Required work: Pictures are to be left out. Return exactly the lines below from the one with "Detalle de texto" up to and including the one with "Victoria Holt Tudor királynők 3 kötet".

Extracted information:
◆ ◆ ◆ ◆
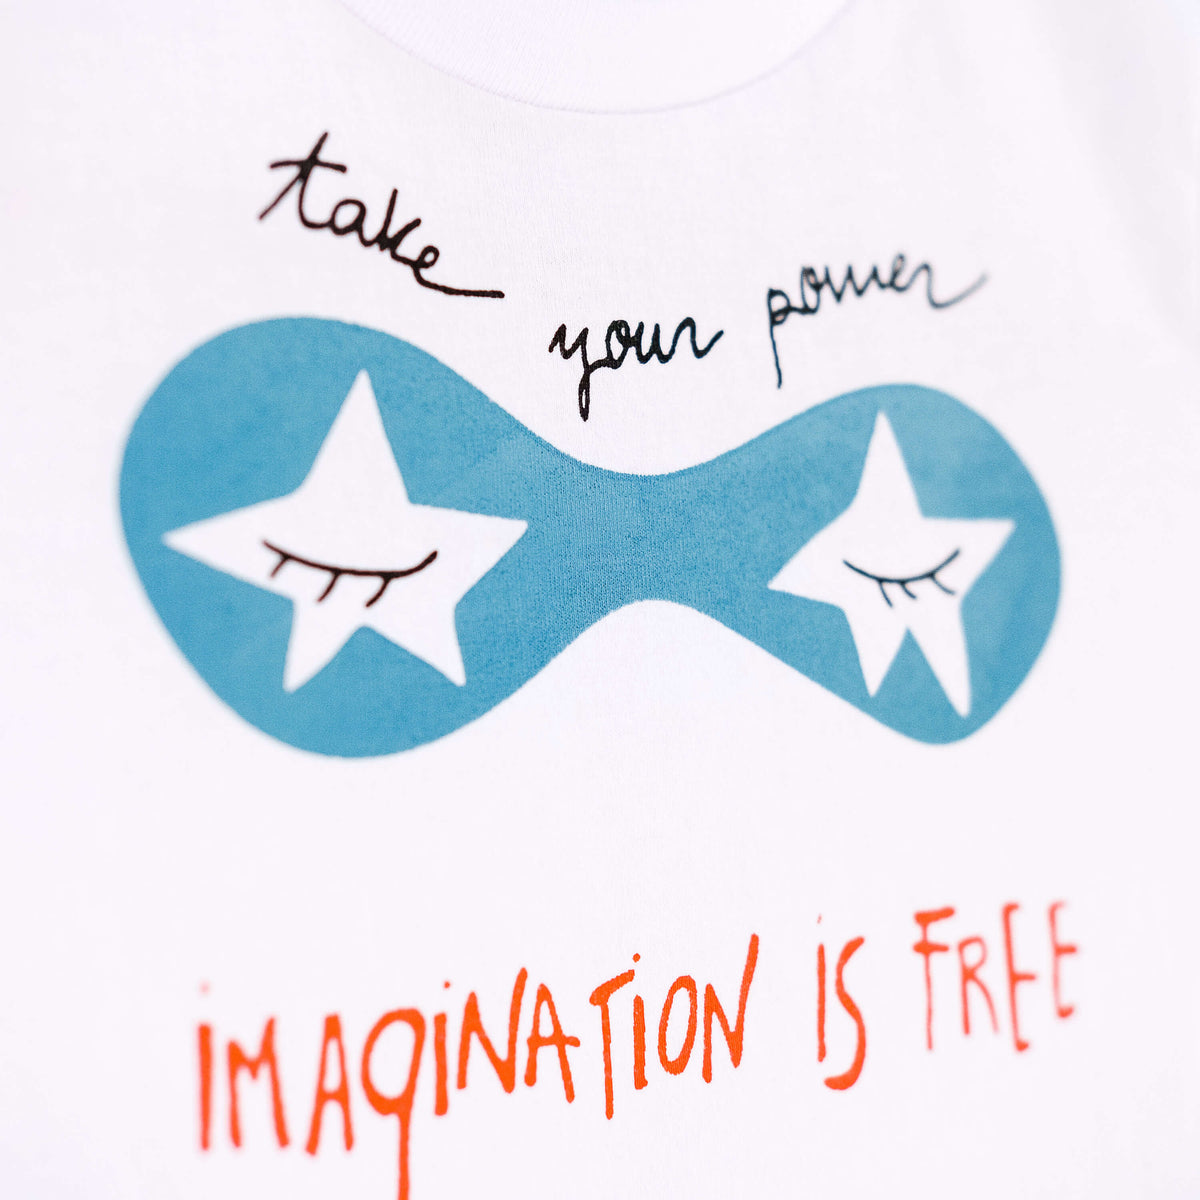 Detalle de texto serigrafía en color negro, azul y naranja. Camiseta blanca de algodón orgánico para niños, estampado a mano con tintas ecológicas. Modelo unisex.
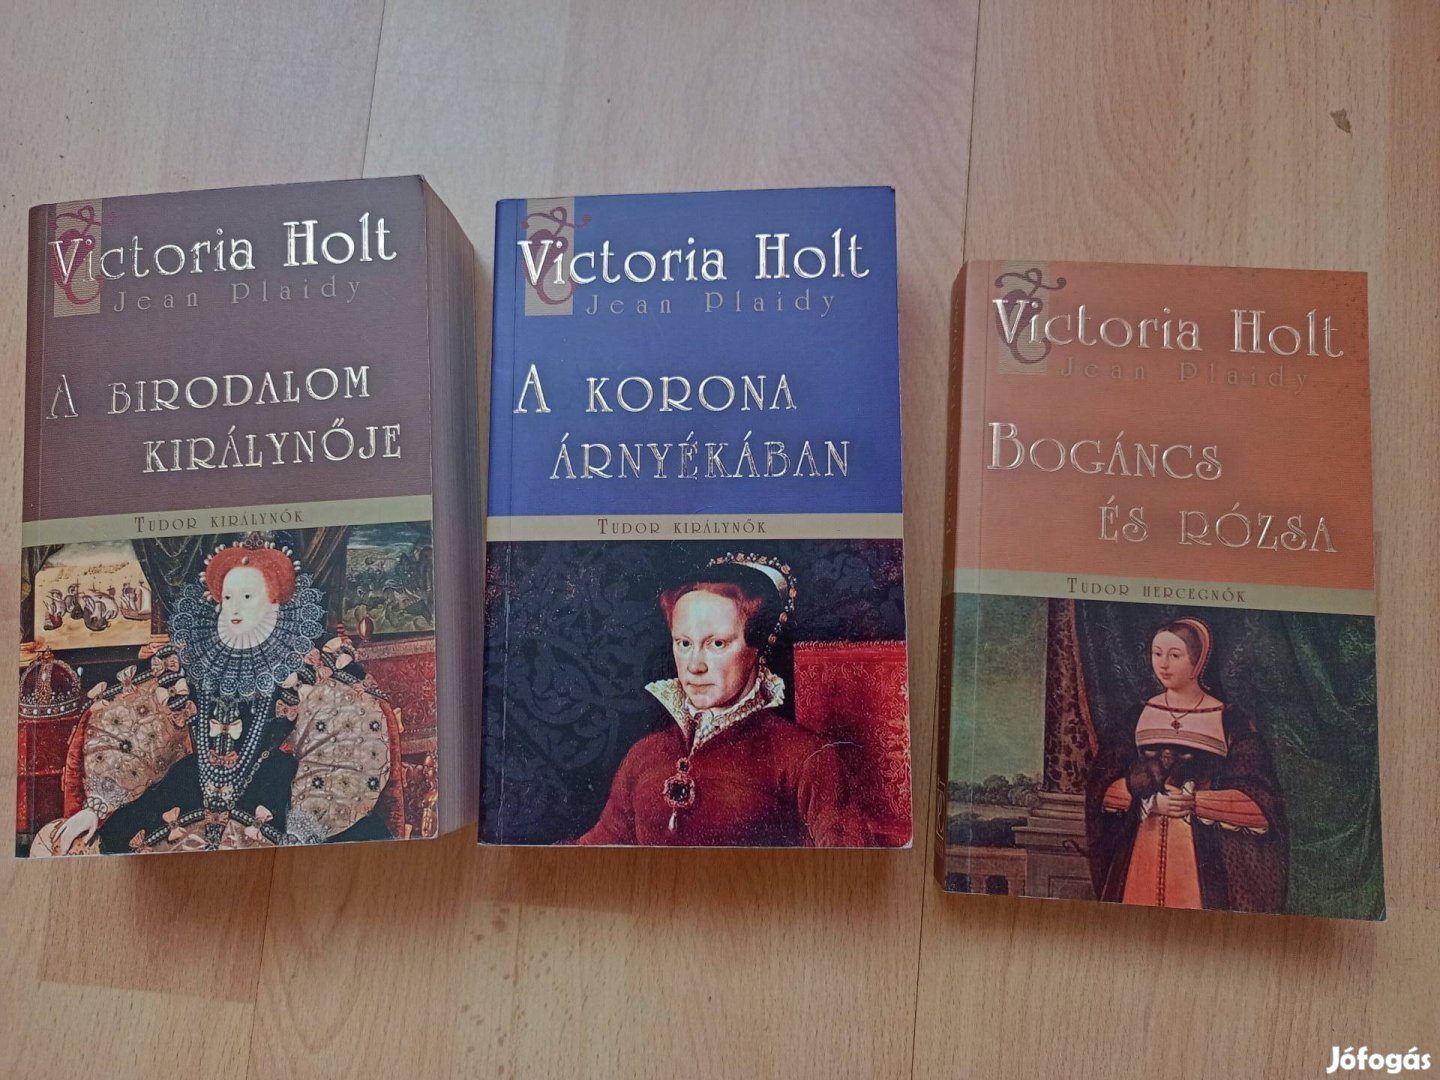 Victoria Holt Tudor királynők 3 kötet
◆ ◆ ◆ ◆
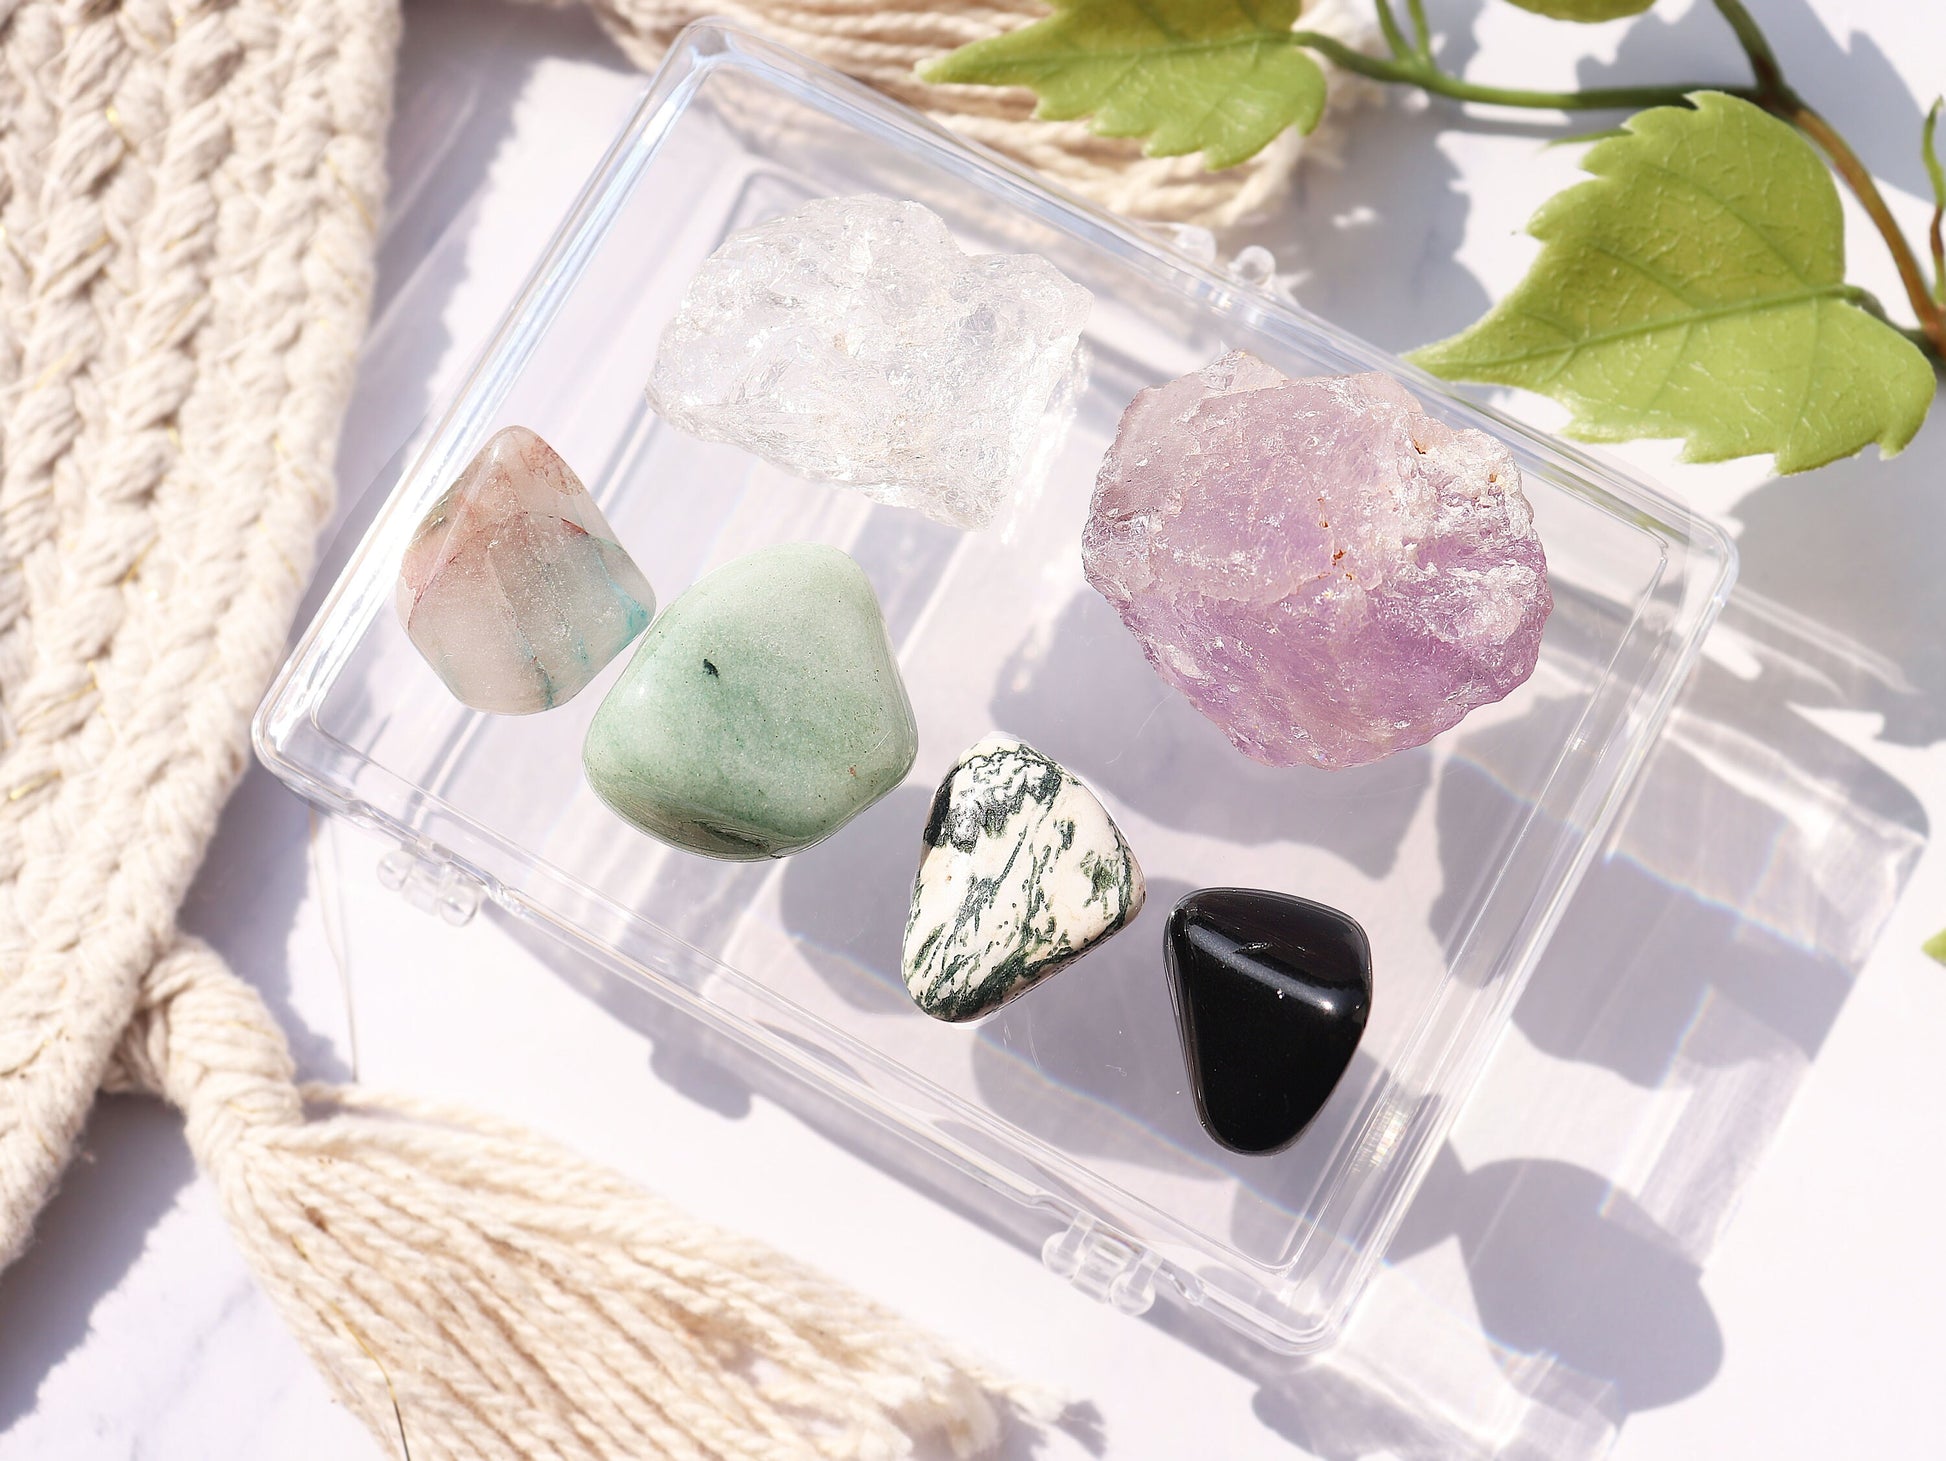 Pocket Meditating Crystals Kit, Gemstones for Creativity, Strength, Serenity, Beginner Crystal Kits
◆ ◆ ◆ ◆
Output:
 Detalle de texto serigrafía en color negro, azul y naranja. Camiseta blanca de algodón orgánico para niños, estampado a mano con tintas ecológicas. Modelo unisex.
 Victoria Holt Tudor királynők 3 kötet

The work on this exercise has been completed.